Las reinas del crímen

Crítica de Horacio Bernades - Página 12

Amas de casa desesperadas por ser mafiosas

Cuando sus maridos son detenidos por el FBI, tres mujeres deciden hacerse cargo de sus "negocios". Pero nadie se encargó de la verosimilitud del film.

Basada en un comic de la compañía DC Comics, esta película escrita y dirigida por la realizadora Andrea Berloff propone una peculiar fábula feminista, según la cual las mujeres “de su casa” pueden dar un paso al frente y convertirse en ¿capamafias?, calzando las armas y dejando un tendal de muertos por el camino. El film está ambientado a fines de los '70 en una Nueva York pre-Giuliani, sucia, y llena de ratas y cines porno, y a ninguna de las tres protagonistas le tiembla la mano a la hora de amenazar y liquidar a sus rivales en el negocio. No sólo a sus rivales: alguna hará justicia también con su marido.

El problema básico de Las reinas del crimen es de registro: si se hubiera respetado la hipérbole propia del comic, todo hubiera sido mucho más admisible, ya que el exceso estético no aspira, por definición, a ninguna verosimilitud. Pero al adoptar una clave crasamente realista, no sólo hace agua el verosímil sino que el “mensaje” resulta altamente discutible.

Las tres “heroínas” son Kathy (Melissa McCarthy), Ruby (Tiffany Haddish) y Claire (la fabulosa Elisabeth Moss, desafortunadamente la de menos peso dramático). Corre el año 1978 (¿por qué ése y no otro?, la precisión del dato refuerza la veta realista) y sus tres maridos son atrapados por agentes del FBI en medio de un robo. La verdad es que los señores mucha pinta de heavies no tienen, pero a esta altura el espectador, deseoso de colaborar con el avance de la trama, hará la vista gorda ante este detalle.

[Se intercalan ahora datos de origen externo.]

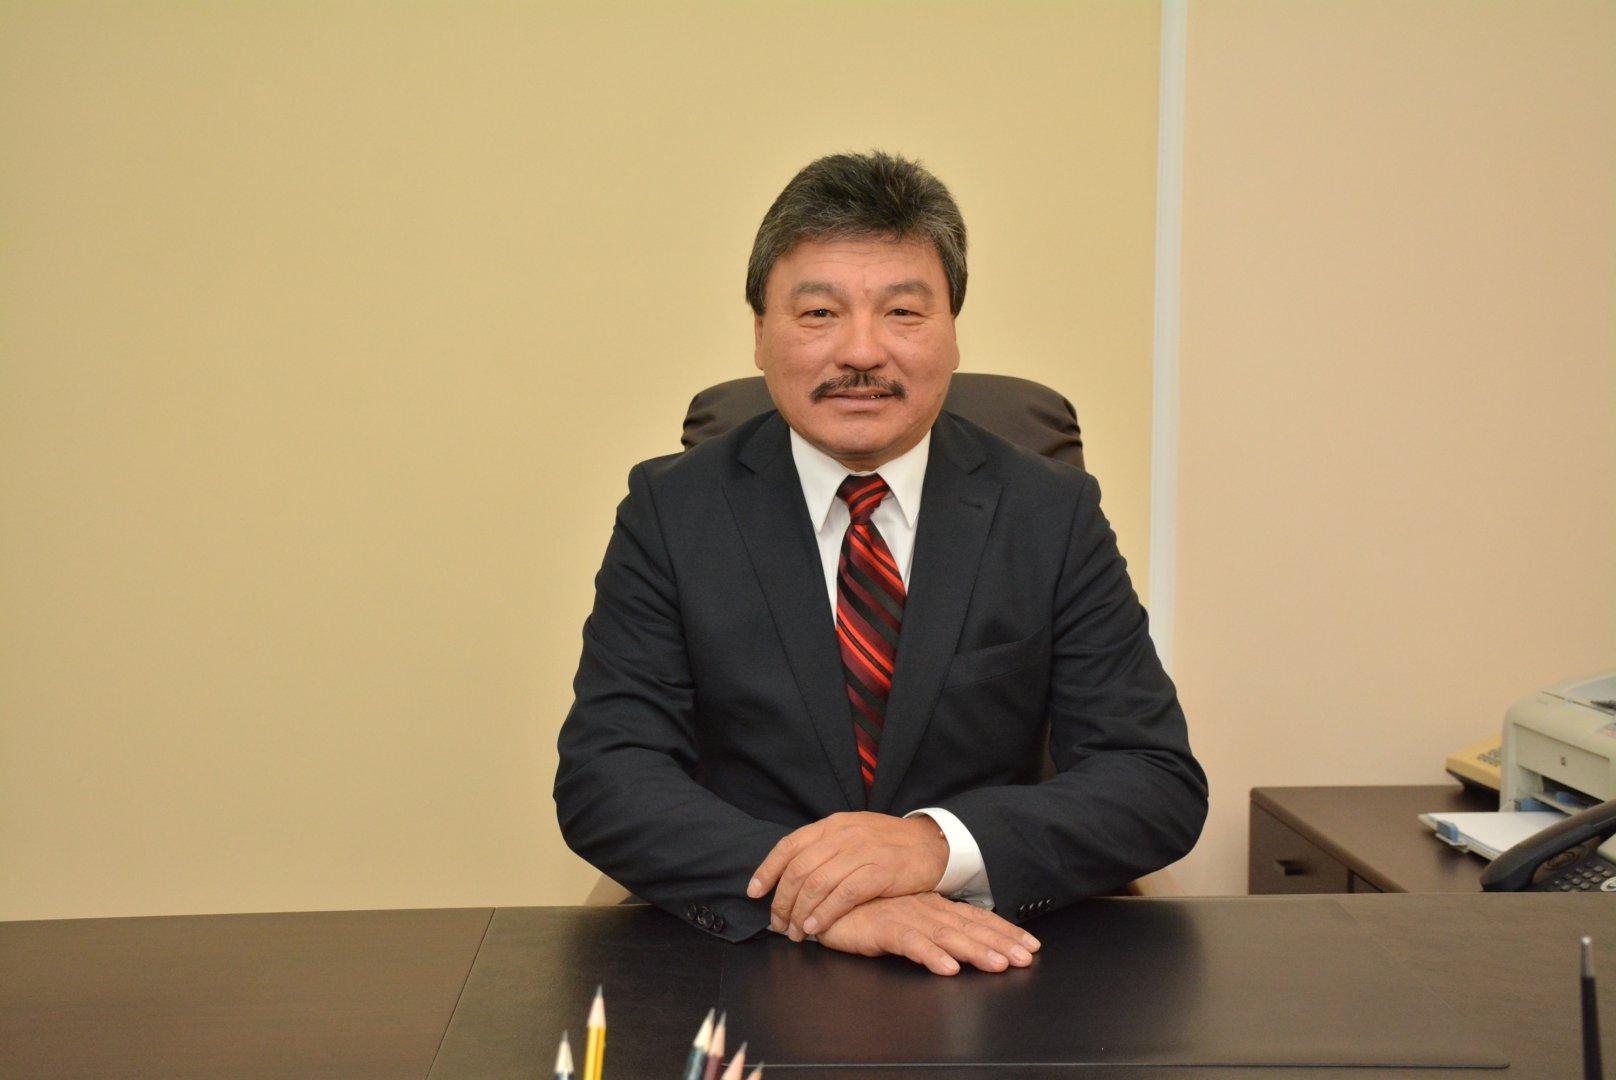 Досье: Уисимбаев Аскарбек Съезбекович, Аскарбек Уисимбаев,акимат Акмолинской области

También ante el hecho de que uno de ellos, descendiente de irlandeses como los otros dos, esté casado con una mujer negra, algo que en esa época podía llegar a convertirlo en oveja del mismo color para su comunidad, que nunca se caracterizó por su apertura. 

A las tres señoras, hasta entonces amas de casas, parecen quedarles dos opciones: hacerse cargo del negocio de los maridos o perecer. Ése es al menos el intencionado binarismo que propone la película. De trabajar como cualquier hija de vecino ni hablar porque ésta es una película de Hollywood y en una película de Hollywood, si no se mata al prójimo no vale. Así es como aparecen después los loquitos que se ponen a liquidar gente en shoppings, ansiosos por imitar lo que el cine les enseñó.

La pinta de señores de su casa de los maridos no es el mayor problema de verosimilitud que por culpa de su registro equivocado plantea la película. No resulta precisamente fácil aceptar que tres mujeres solas, que hasta el momento no habían salido de sus cocinas, no sólo apoyen el chumbo sobre el mostrador cuando van a tomar alguna copa, sino que convenzan a un par de guardaespaldas de poner el pellejo en peligro al traicionar al jefazo al que servían, que siembren el pánico entre la comunidad judía de Manhattan y, peor de los peores, que obliguen al capo de la mafia italiana de Brooklyn a negociar de igual a igual. El ajusticiamiento del hijo de puta que surte a su mujer de trompadas en la panza, y que ya le hizo perder un hijo, es el único elemento de la película que tiene algún viso de realidad y hasta puede ser admitido.